Reputation: 279
My Client class for synchronous message exchange:
public class AsClient
{
private TcpClient connection;
public AsClient(int serverPort, String ip)
{
connection = new TcpClient(ip, port);
}
public AsMessage sendMessage(AsMessage message)
{
System.Diagnostics.Debug.WriteLine("Connected: " + connection.Connected);
NetworkStream ns = connection.GetStream();
StreamReader reader = new StreamReader(ns);
StreamWriter writer = new StreamWriter(ns);
// Send Message:
String msgToSendEncoded = message.encode();
writer.WriteLine(msgToSendEncoded);
writer.WriteLine("\n"); // each message is terminated by a paragraph
writer.Flush();
// Receive Message:
String msgReceivedRaw = reader.ReadLine();
AsMessage response = AsMessage.decode(msgReceivedRaw);
reader.Dispose();
writer.Dispose();
ns.Close();
return response;
}
}
If I debug this application, the first message sent and response received works perfectly well, but as soon as I want to send the second message, TcpClient.getStream() fails with the InvalidOperationException, which states that the connection is not established anymore.
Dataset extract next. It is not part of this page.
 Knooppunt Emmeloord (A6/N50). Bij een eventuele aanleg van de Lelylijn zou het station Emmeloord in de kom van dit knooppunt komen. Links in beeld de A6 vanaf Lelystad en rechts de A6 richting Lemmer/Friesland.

The problem is that I am not actively closing the connection anywhere. If I put connection.Connect(host,port) before calling getStream()
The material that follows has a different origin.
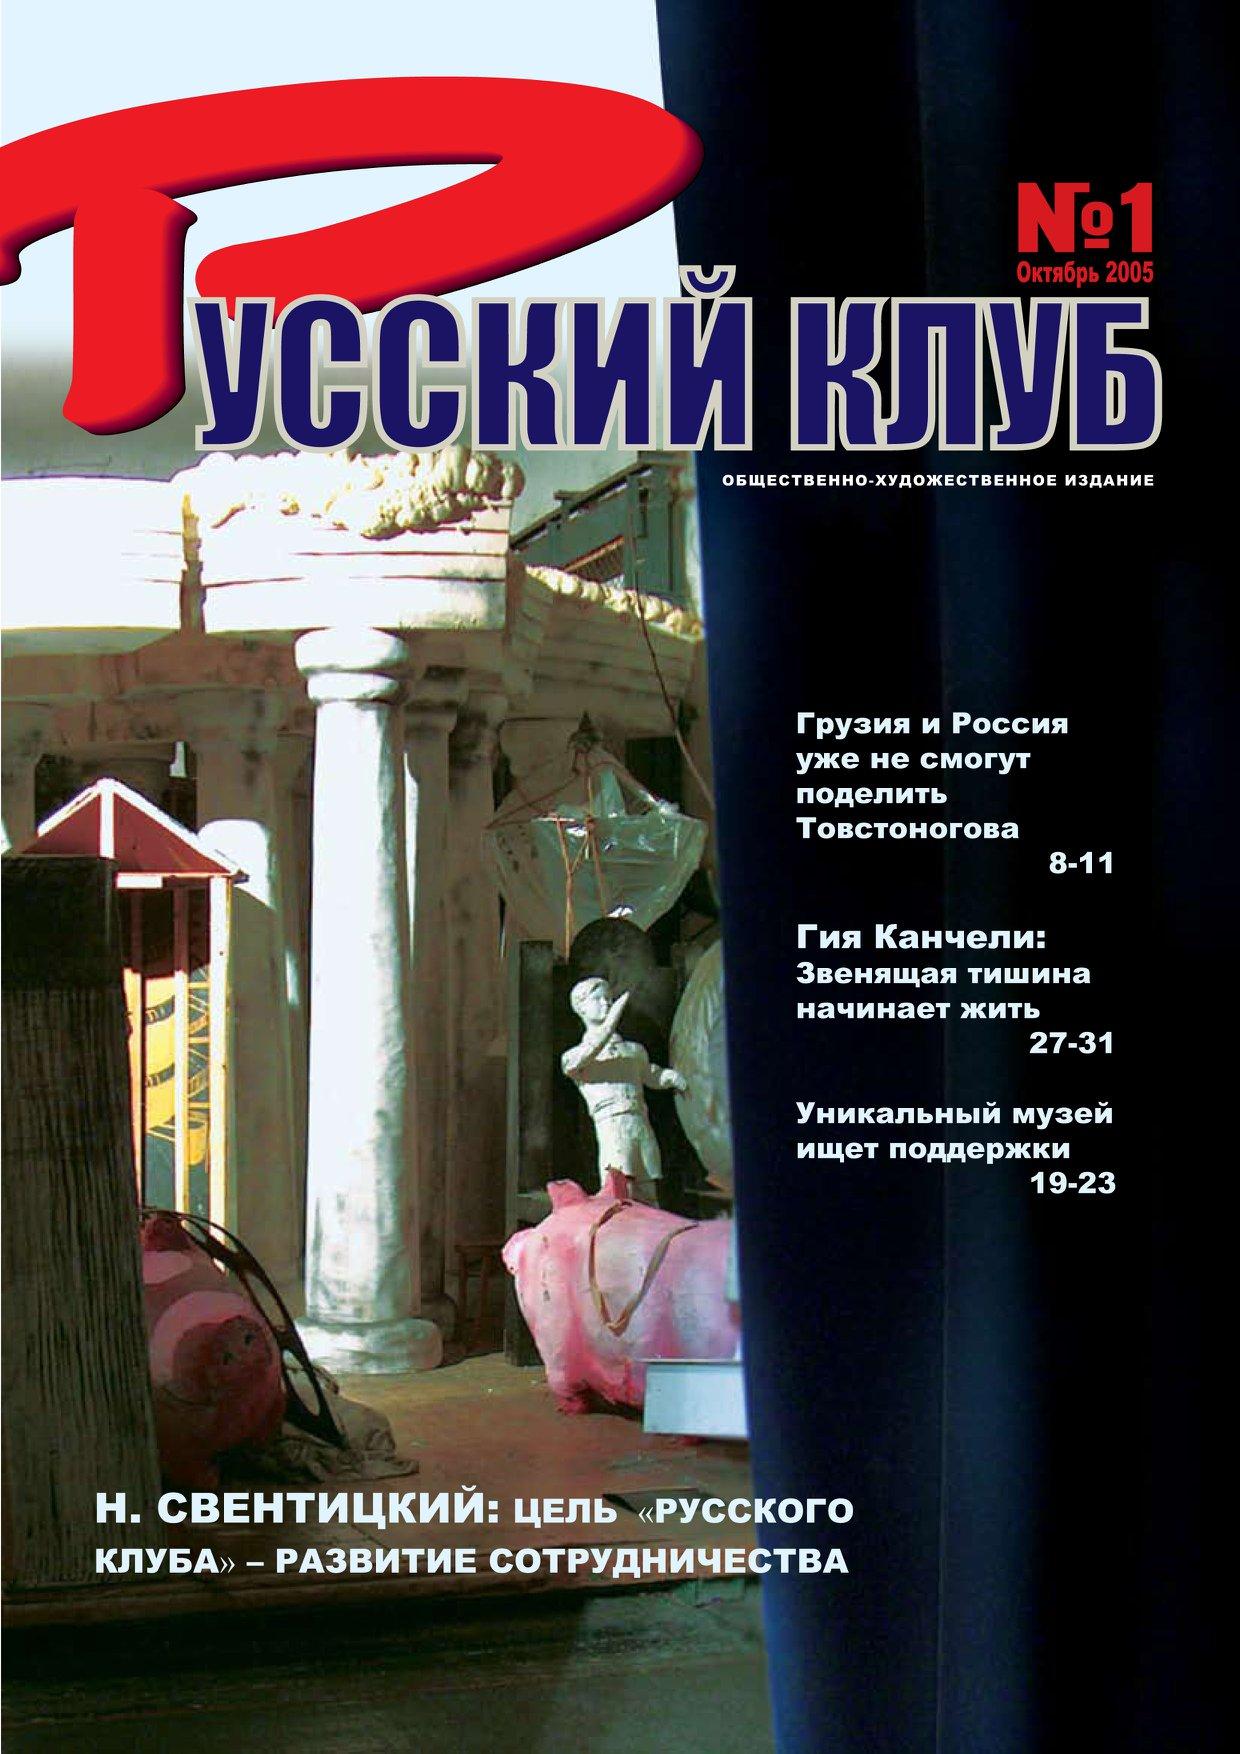 Журналу «РУССКИЙ КЛУБ» исполнилось 15 лет!

, it fails with the exception that the socket is still connected, even though connection.Connected is false.
Any ideas to solve this issue?
Upvotes: 1
Views: 3803
Reputation: 82
I'm running into the same problem with this piece of code that replicates follows the steps in the MS documentation for GetStream(): https://learn.microsoft.com/en-us/dotnet/api/system.net.sockets.tcpclient.getstream?view=netframework-4.8
public void Send(String message)
{
try
{
// Translate the passed message into ASCII and store it as a Byte array.
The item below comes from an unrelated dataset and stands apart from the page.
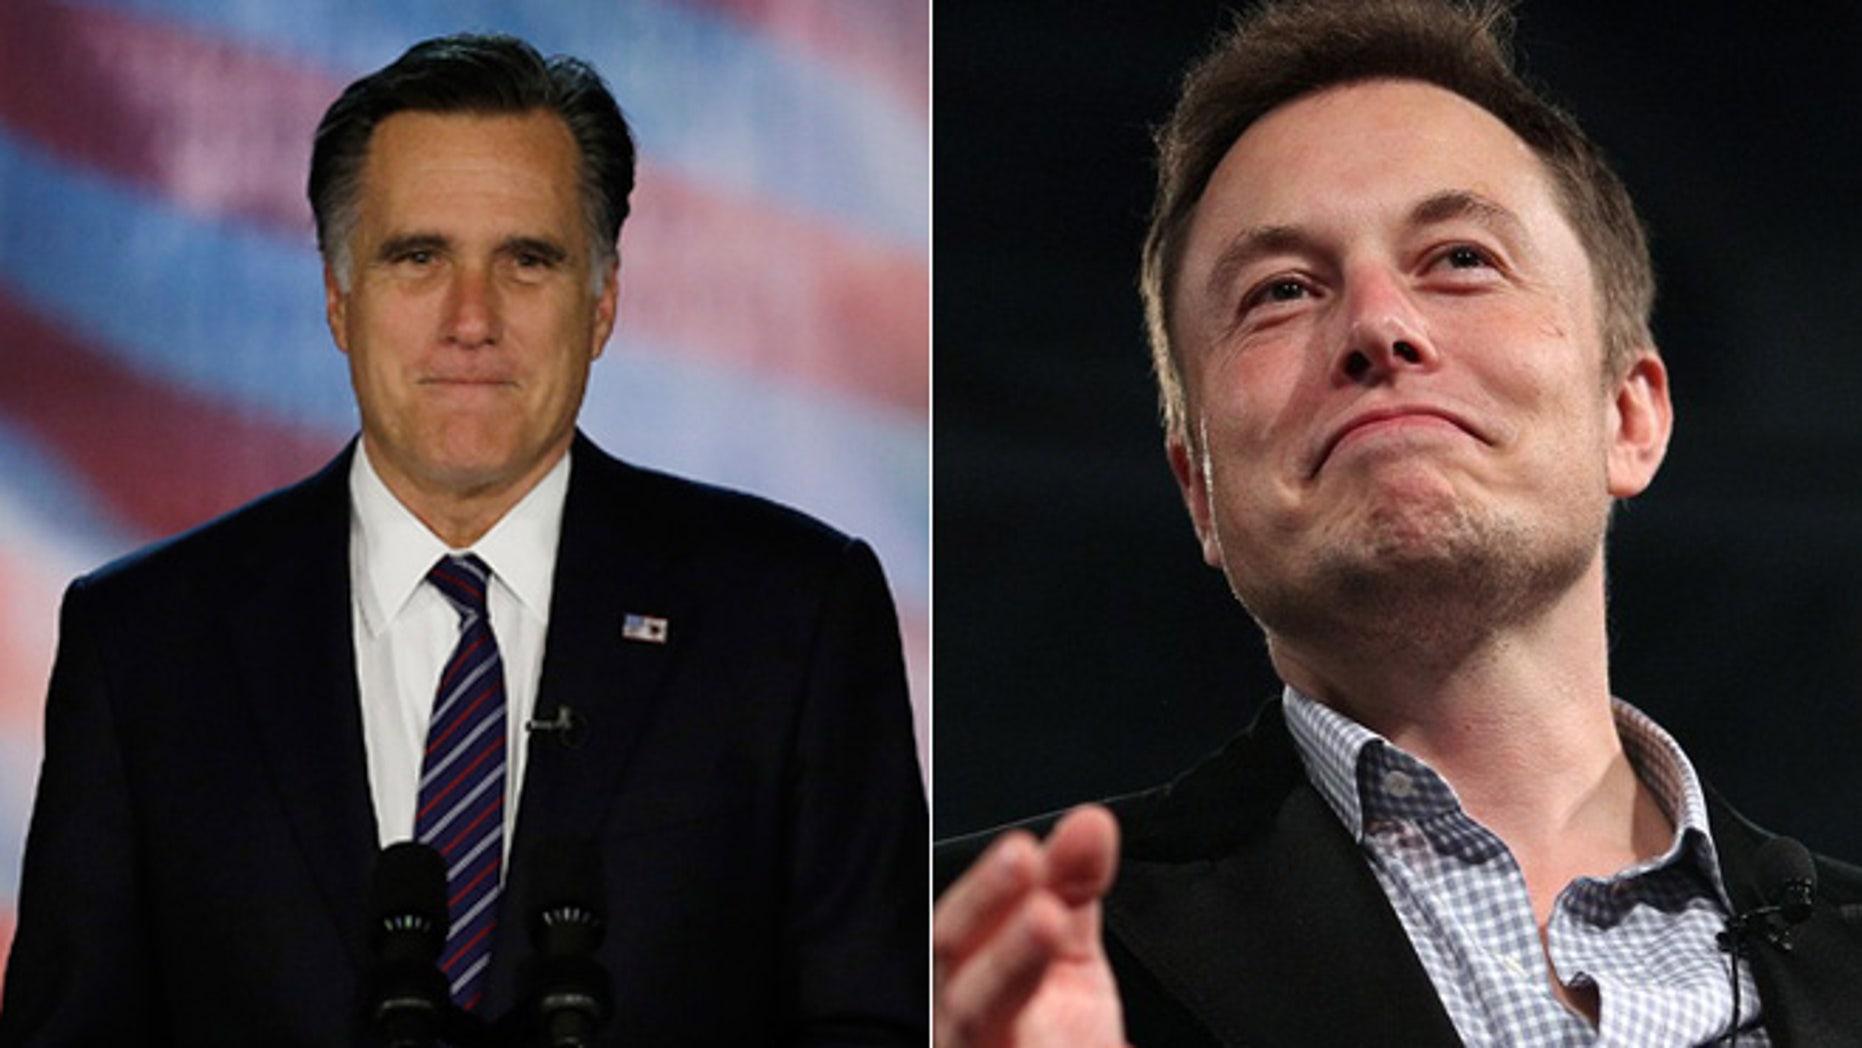 Gov. Mitt Romney/Elon Musk

Byte[] data = Encoding.ASCII.GetBytes(message);
// Get a client stream for reading and writing.
NetworkStream stream = Client.GetStream();
stream.Write(data, 0, data.Length);
stream.Close(); // this also closses the connection the server!
}
catch (Exception e)
{
LogException(e);
}
}
What we see on the server side is that: 1) The connection is established. 2) The message never arrives. 3) when the stream.Close() statement executes, the server reports that the client closed the connection. Inspecting the properties of stream I can see that streams OWNS the socket. So, wen it closes it must also close its socket. How come???
Upvotes: 0
Reputation: 452
As I have experience Dispose close the underlying stream.
So you close the connection on the Dispose.